Shared Event Types (aura-events)

  • Lightweight crate defining AuraStreamEvent and OrchestrationStreamEvent enums
  • Both Serialize + Deserialize — used by the web server (producer) and CLI (consumer)
  • No agent, MCP, or provider dependencies — only serde and serde_json
  • ProgressToken type uses a local wire-compatible definition by default; enables rmcp-types feature for direct rmcp interop (used by the aura crate)

Environment Setup

export OPENAI_API_KEY="your-key"
export ANTHROPIC_API_KEY="your-key"  # Optional
export OPENROUTER_API_KEY="your-key" # Optional
export MEZMO_API_KEY="your-key"       # For Mezmo MCP
export AWS_PROFILE="your-profile"     # For Knowledge Base
export AWS_REGION="your-region"       # For Knowledge Base

Architecture

Dependencies

  • rig-core 0.28: ProviderAgent architecture (via fork for StreamingPromptHook fix)
  • rmcp 0.12: MCP client with cancellation support
  • Rig Fork: mezmo/rig branch mshearer/LOG-23351-openai-reasoning

Key Modules

  • provider_agent.rs - Type-erased streaming across providers
  • stream_events.rs - Custom aura SSE events
  • request_cancellation.rs - Request lifecycle management
  • tool_event_broker.rs - FIFO queue for tool_call_id correlation (see critical assumption below)
  • orchestration/ - Multi-agent coordinator, workers, DAG execution, orchestration SSE events

Critical Assumption: Rig Sequential Tool Execution

The tool_event_broker uses a FIFO queue for correlating tool_call_id between hook and MCP execution contexts.
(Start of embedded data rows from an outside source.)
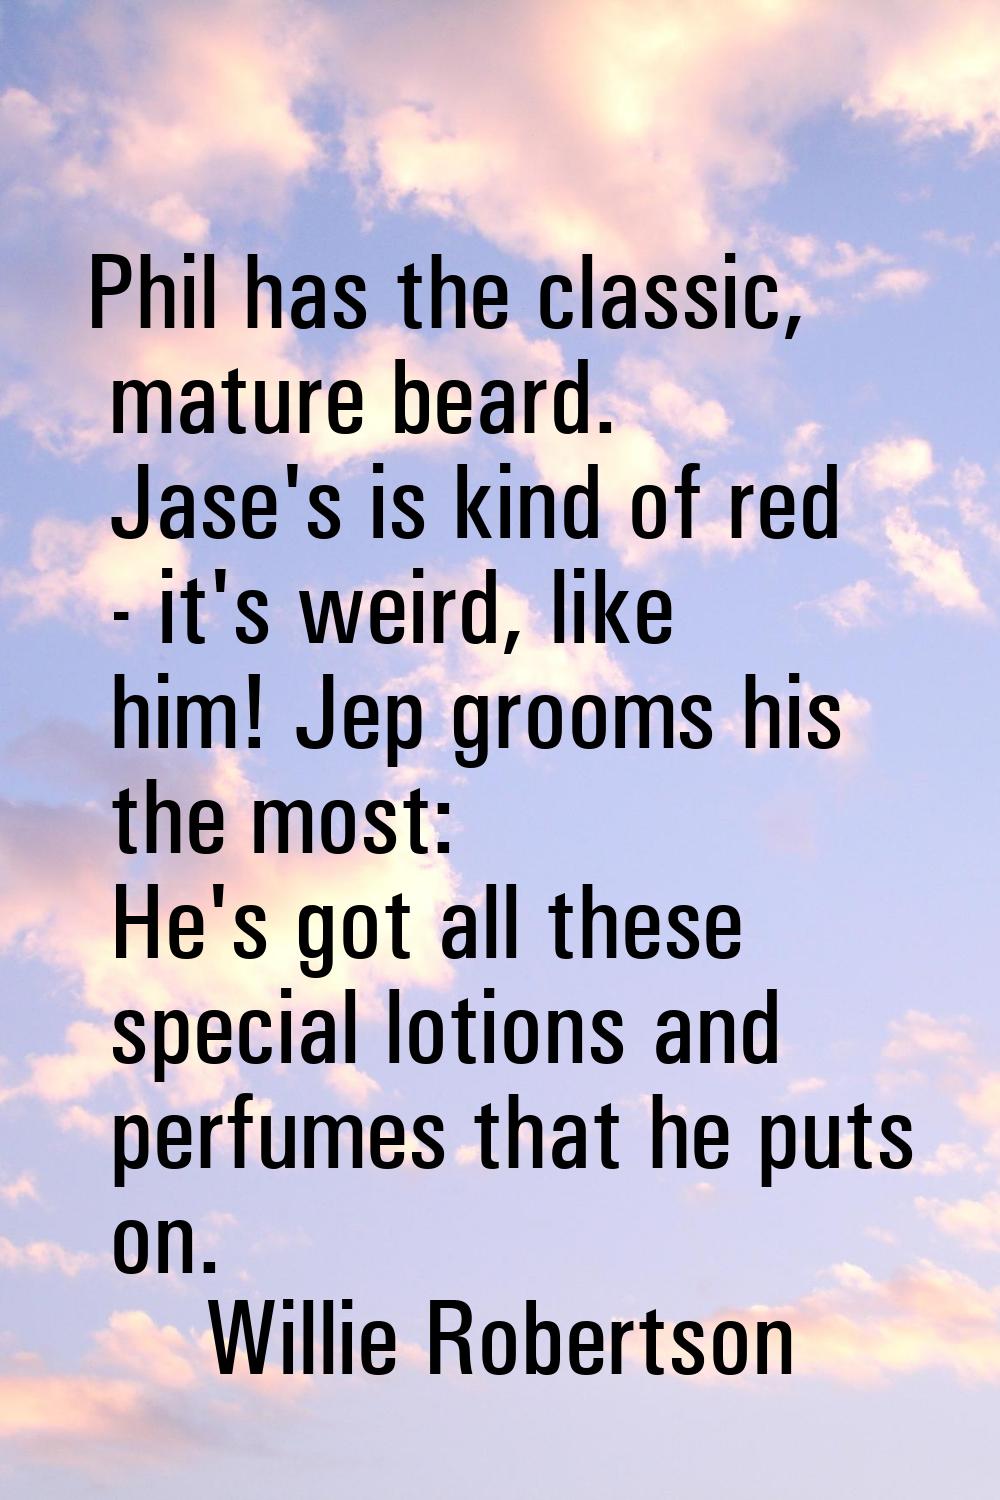 Phil has the classic, mature beard. Jase's is kind of red - it's weird, like him! Jep grooms his th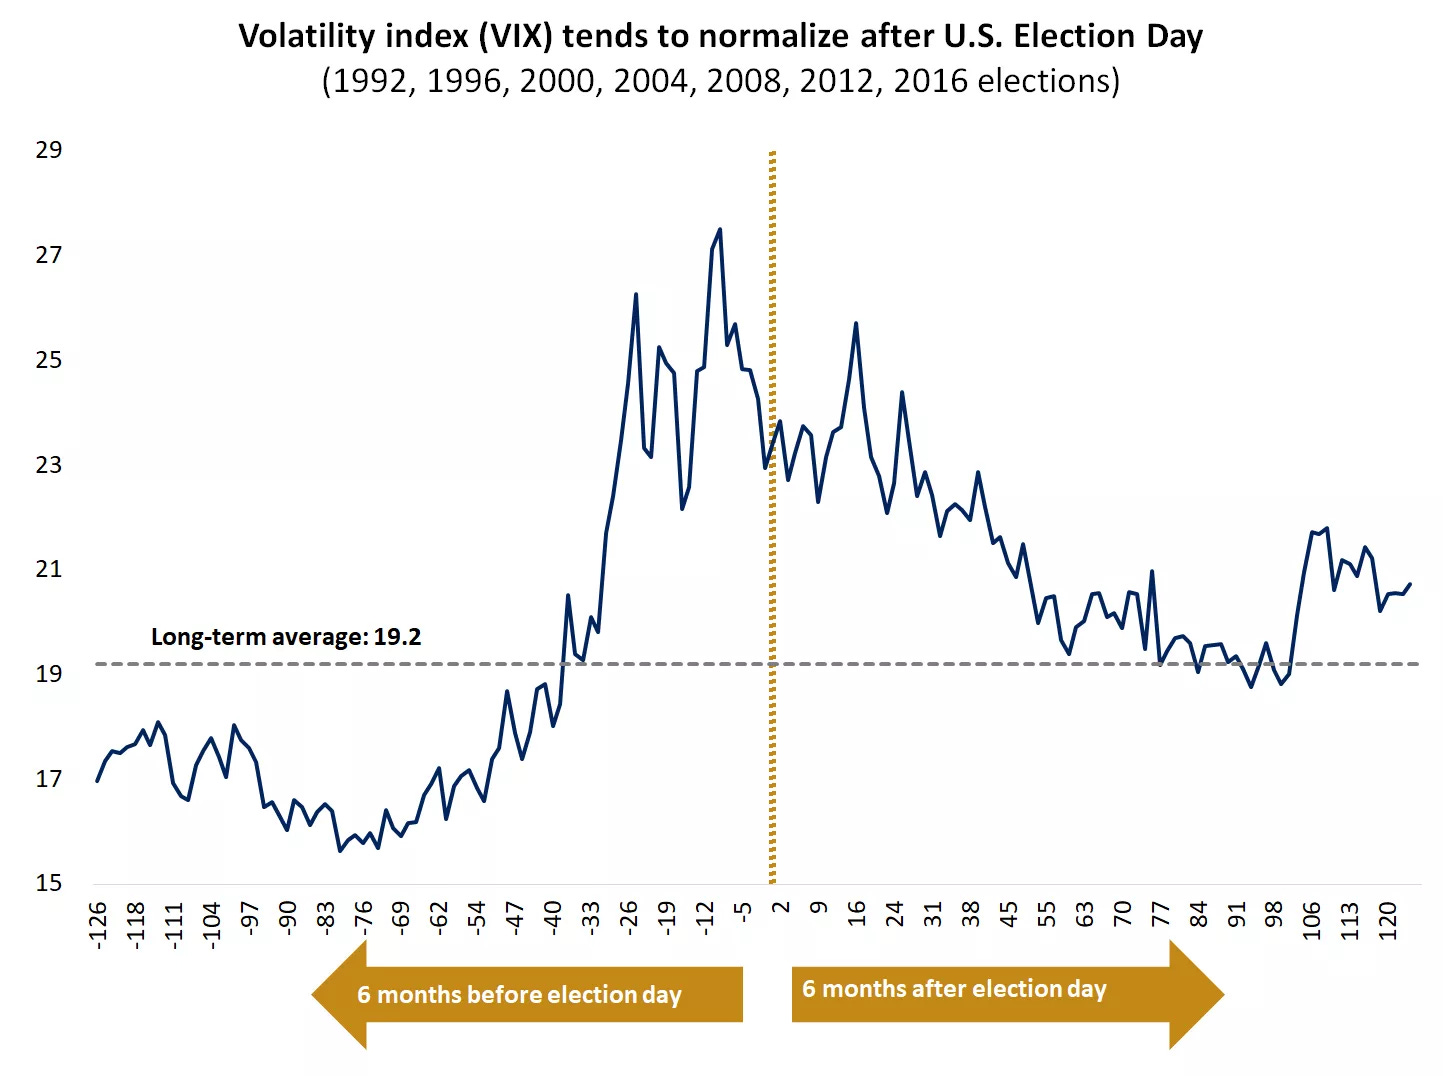  This chart shows the level of the VIX index 6 months before and after U.S. election day since 1992.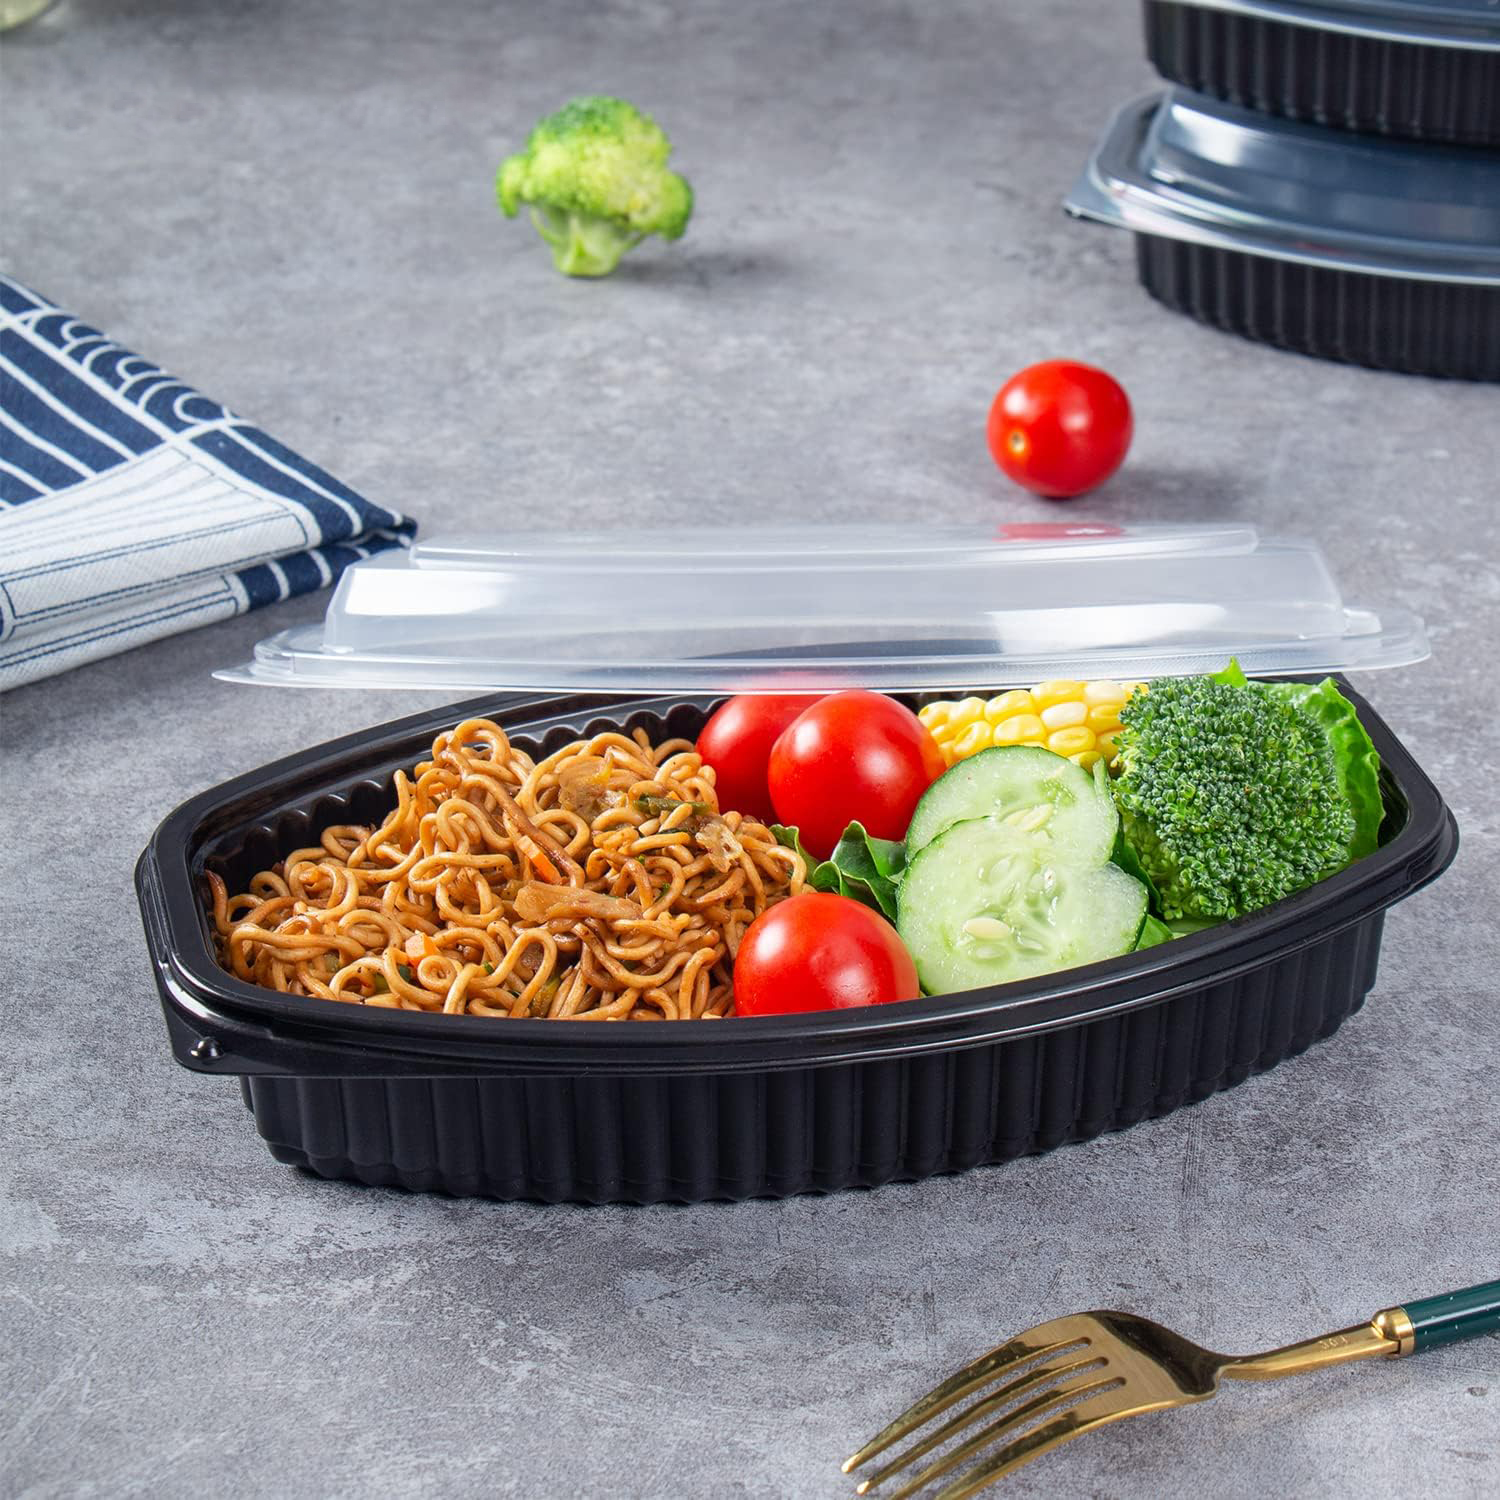 Microwavable Containers：Revolutionizing in Takeout/

This relies on Rig 0.28 streaming mode executing tools sequentially.

If upgrading Rig, verify this assumption by reviewing:

  • rig-core/src/agent/prompt_request/streaming.rs
  • Look for .await between on_tool_call and on_tool_result (ensures sequential)
  • Check for FuturesUnordered or parallel execution patterns (would break FIFO)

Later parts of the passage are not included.